* [Directions]
Copy out each line below verbatim, skipping any picture.

* [Data segment]
=== Section Start ===

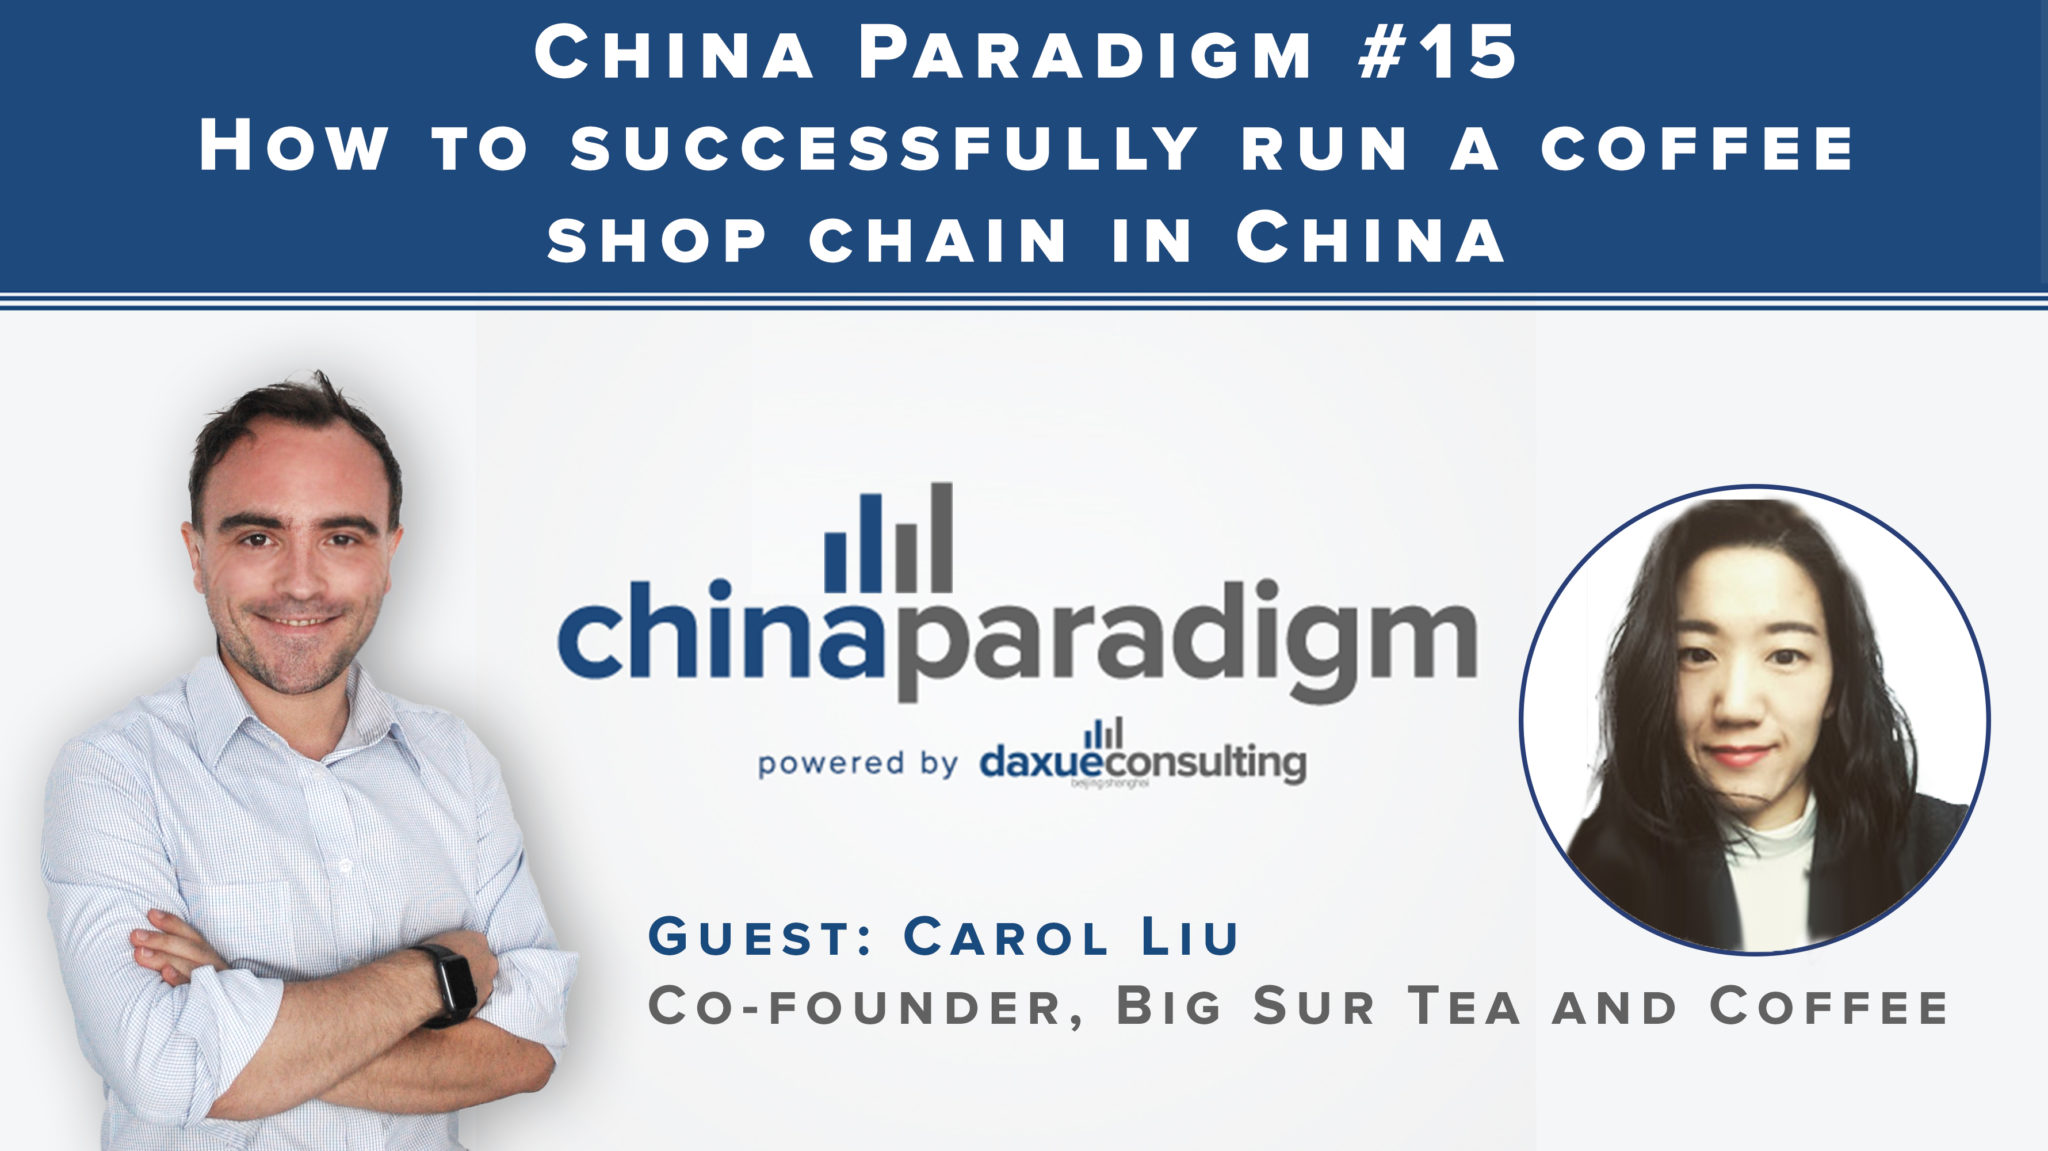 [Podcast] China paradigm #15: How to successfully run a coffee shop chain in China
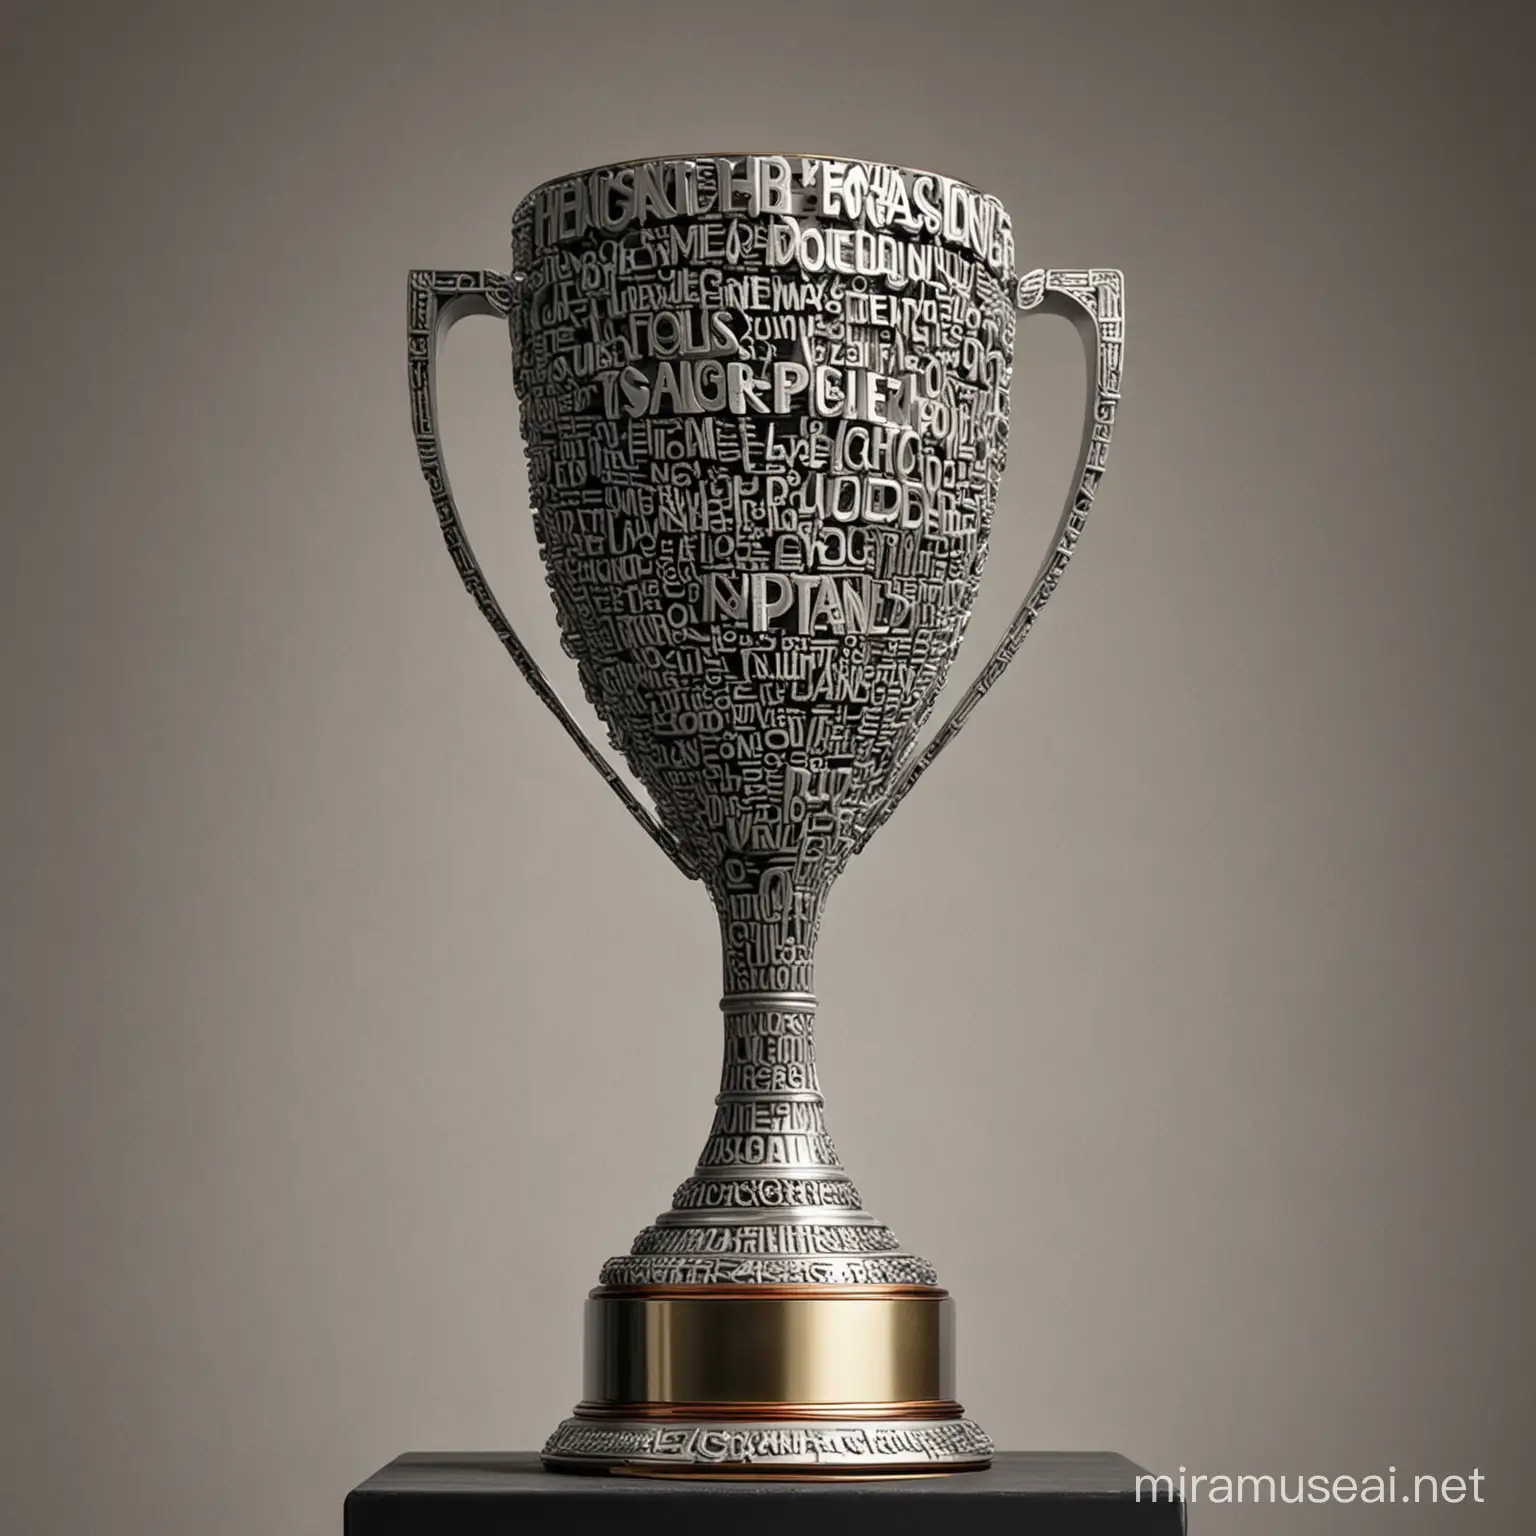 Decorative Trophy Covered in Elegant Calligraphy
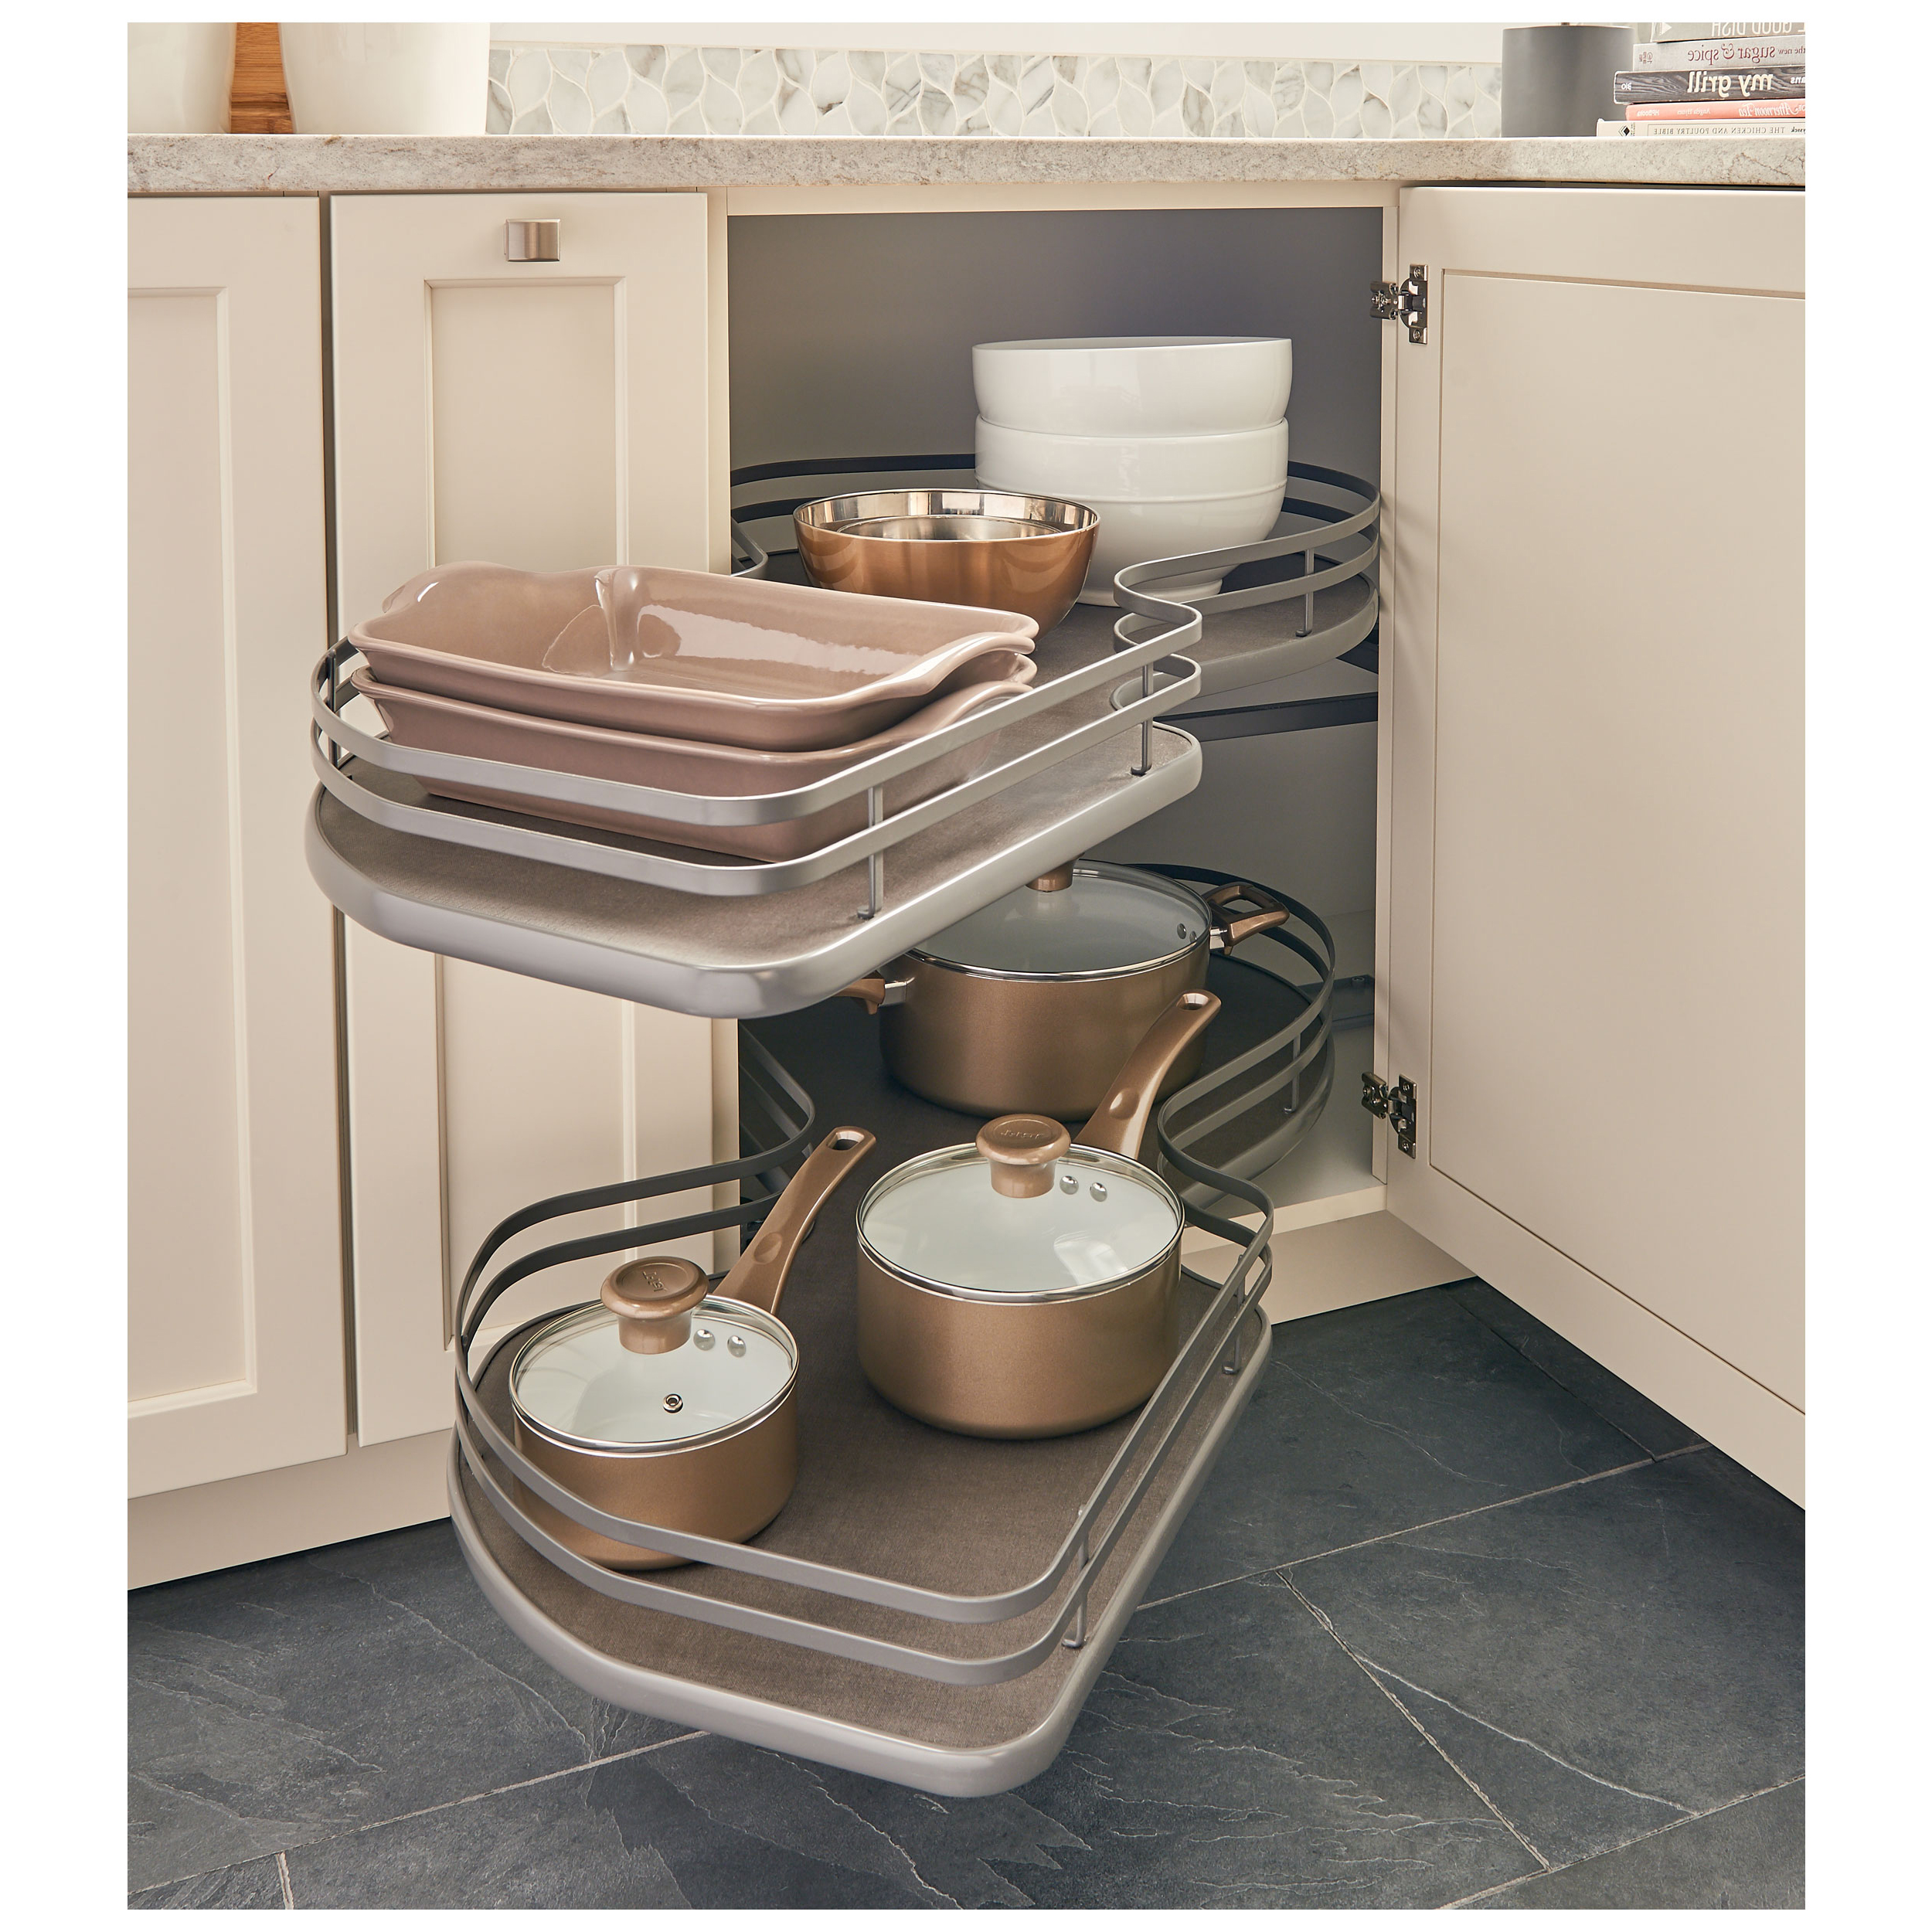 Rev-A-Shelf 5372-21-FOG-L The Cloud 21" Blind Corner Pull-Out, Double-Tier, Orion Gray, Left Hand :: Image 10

=== Section End ===

* [Result below]
 [Podcast] China paradigm #15: How to successfully run a coffee shop chain in China
 Decorative Trophy Covered in Elegant Calligraphy
 Rev-A-Shelf 5372-21-FOG-L The Cloud 21" Blind Corner Pull-Out, Double-Tier, Orion Gray, Left Hand :: Image 10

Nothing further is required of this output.